How was your Christmas? I am from Korea, and It was my second Christmas in Sweden. We also celebrate Christmas back at my home, but it is not a traditional holiday for us, instead, it is quite a recent trend to celebrate. I felt like the Swedish Christmas has a long history of celebrating with their own traditional ways. During the Christmas seasons, Sweden was full of beautiful decorations and enlightening all the windows with star and advent lights. It seemed like everyone is waiting for the Christmas while counting the day left till Christmas with Christmas calendar, starting from the first of December. The most exciting thing for me to celebrate Christmas in Sweden was Julbord, which is Christmas foods.
In early December, all of our Study in Sweden digital ambassadors had a meet-up at Malmö for a few days. (You can also check what we’ve done in Malmö in coco’s blog post: https://blogs.studyinsweden.se/2018/12/22/fun-things-to-do-malmo/). During our meet-up, we had a chance to have Julbord altogether.
What is Julbord?
Julbord is a Swedish Christmas dinner. Literally Julbord means ‘Christmas table’, so basically, they prepare various types of traditional foods in a big table on Christmas Eve and celebrate it till Christmas. Traditionally, it is for harvest feast dish for large quantities like 3 or 4 generations with some guests as well. However, it is hard to make large amounts of food in once for a few days, so they instead cook special meals that can last for a long period and fulfil all guests.
Traditional Julebord cuisine
A Julbord normally has lots of courses, in a buffet style. The number varies, but five courses are a common style of Julbord which is Pickled herring, Fish course, Cold meats, Hot course, and Desserts.

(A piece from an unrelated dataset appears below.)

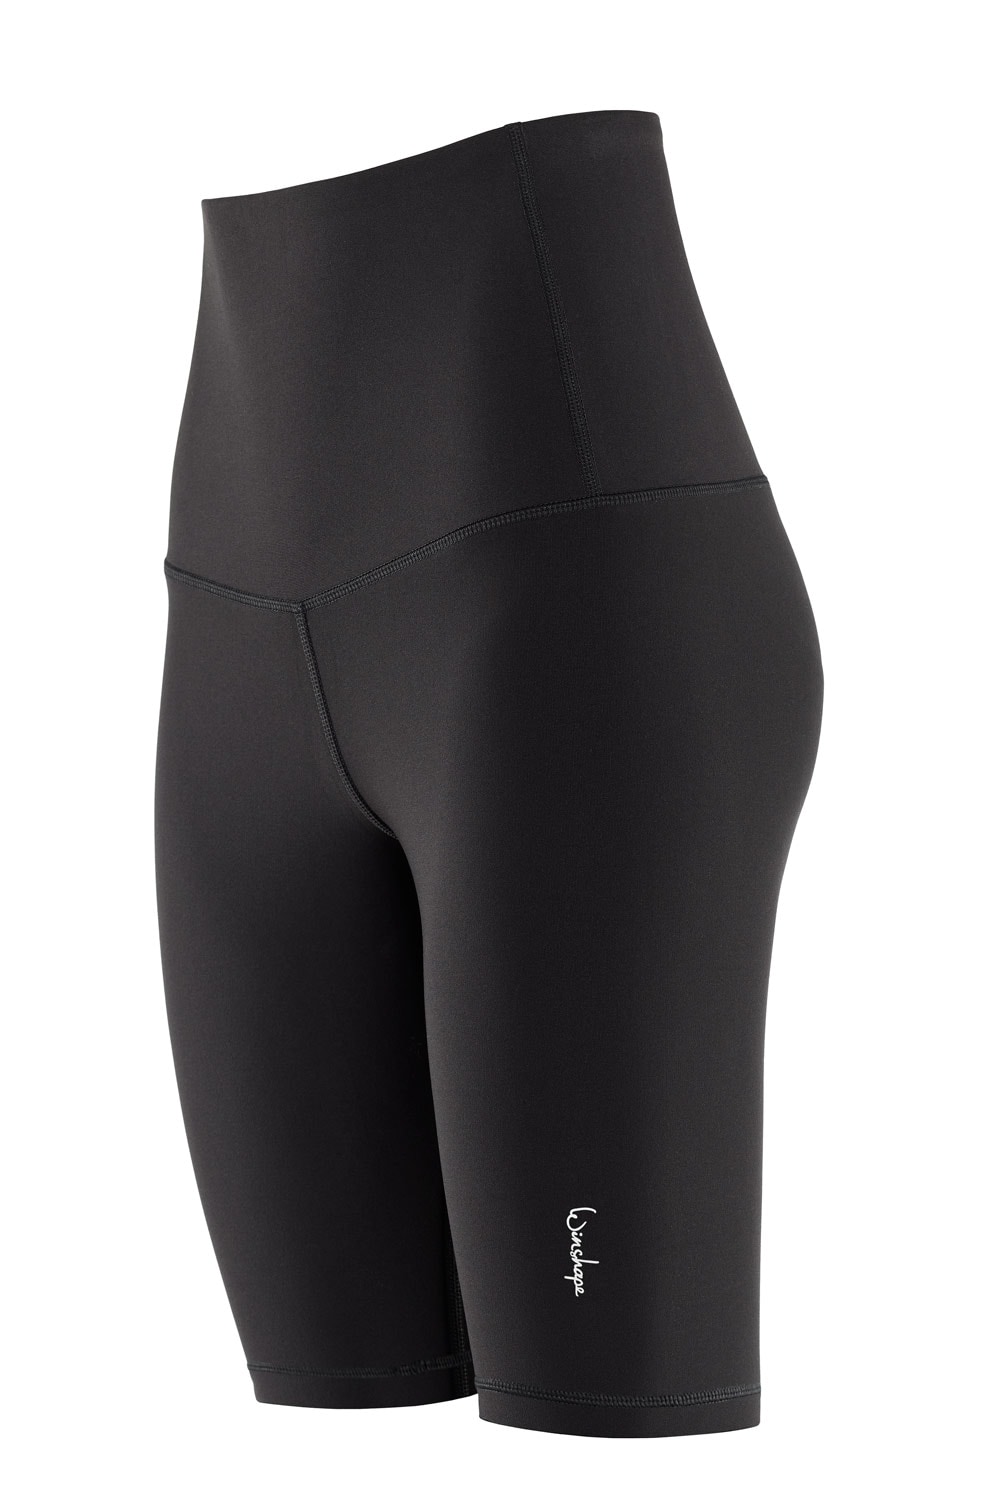 »Functional Shorts OTTO High Waist Biker Comfort online bei bestellen HWL412C«, Shorts Winshape

From the old times, It has long-standing importance in Swedish culture providing valuable protein during the dark and cold winters. And pickled herring was perfect as it has a lot of protein and easy to preserve. There are various types of pickled herring in Julbord, but the common ones are senapsill which is with creamy mustard sauce. I am a seafood lover eating a lot of fish as sushi and sashimi back at my home country. Still, pickled herring was a definitely unique taste of seafood dish that can only be in Scandinavia. It was really interesting that taste was varied depending on the sauce, and as Julbord was in buffet style, I was able to explore all the taste and pick which one was the best for my taste.
Fish course are with mostly consists of salmon, cod, crayfish, and eel. Raw salmon is served with mustard and dill sauce, and sometimes salmon is cured with Gin as well. Crayfish are typical Swedish seafood which is often eaten during late Summer. crayfish party during August is also one of fun culture in Sweden, and I was so excited to find it also in the Julbord. Crayfish is kind of look similar to lobster, but the size and smaller and more chewy with a strong flavour.
Cold meats are the ham which is salt-cured and unsmoked or fresh. It’s usually served cold on the Christmas buffet, but serving it warm is certainly acceptable as well. julskinka is typical Christmas ham in Sweden which is first boiled, then painted and glazed with a mixture of egg, breadcrumbs, and mustard; and then baked.
Hot course is with world-famous meatball, Smoked sausages, and Glacerade revbensspjäll. Personally, I think the most exciting part in Swedish hot course is that Swedes used different types of meat from what I’ve eaten from my home. In Korea, we usually enjoy eating pork, chicken, and beef. However, in Sweden, other types of meat such as lamb, reindeer, moose, and beer meat are quite common to have in Julbord.
Desserts are consist of a number of types of cakes and chocolate, but the most popular dessert would be Ris à la Malta. It is made out of rice pudding mixed with whipped cream, vanilla, and chopped almonds; and is usually served cold with a cherry sauce. Back at my home, I am used to eating rice as a every day meal. but the cuisine is quite different because we don’t eat it as a sweet dessert. So at first time when I heard about Ris à la Malta, it quite sounds so different and cannot imagine how it will taste like. Nevertheless, it was actually so much tasty than what I thought. It was not too sweet and perfect for making me relax after eating a bunch of foods. The photo below is a Ris à la Malta with Christmas cookie Struva from Instagram account @fiaikardanbyn.
I think Food conveys history and culture. And one big table with a various dish with a local ingredient such as herring, lamb or crayfish with traditional cuisine can give a great insight into Swedish food heritage. While having Julbord, we were able to talk about different stories and bring everyone together. Even though this Christmas is gone a few days ago, I would love to recommend you to try Swedish Julbord in future Christmas. My best wishes for a new year that fulfils your dreams and hopes. Happy new year!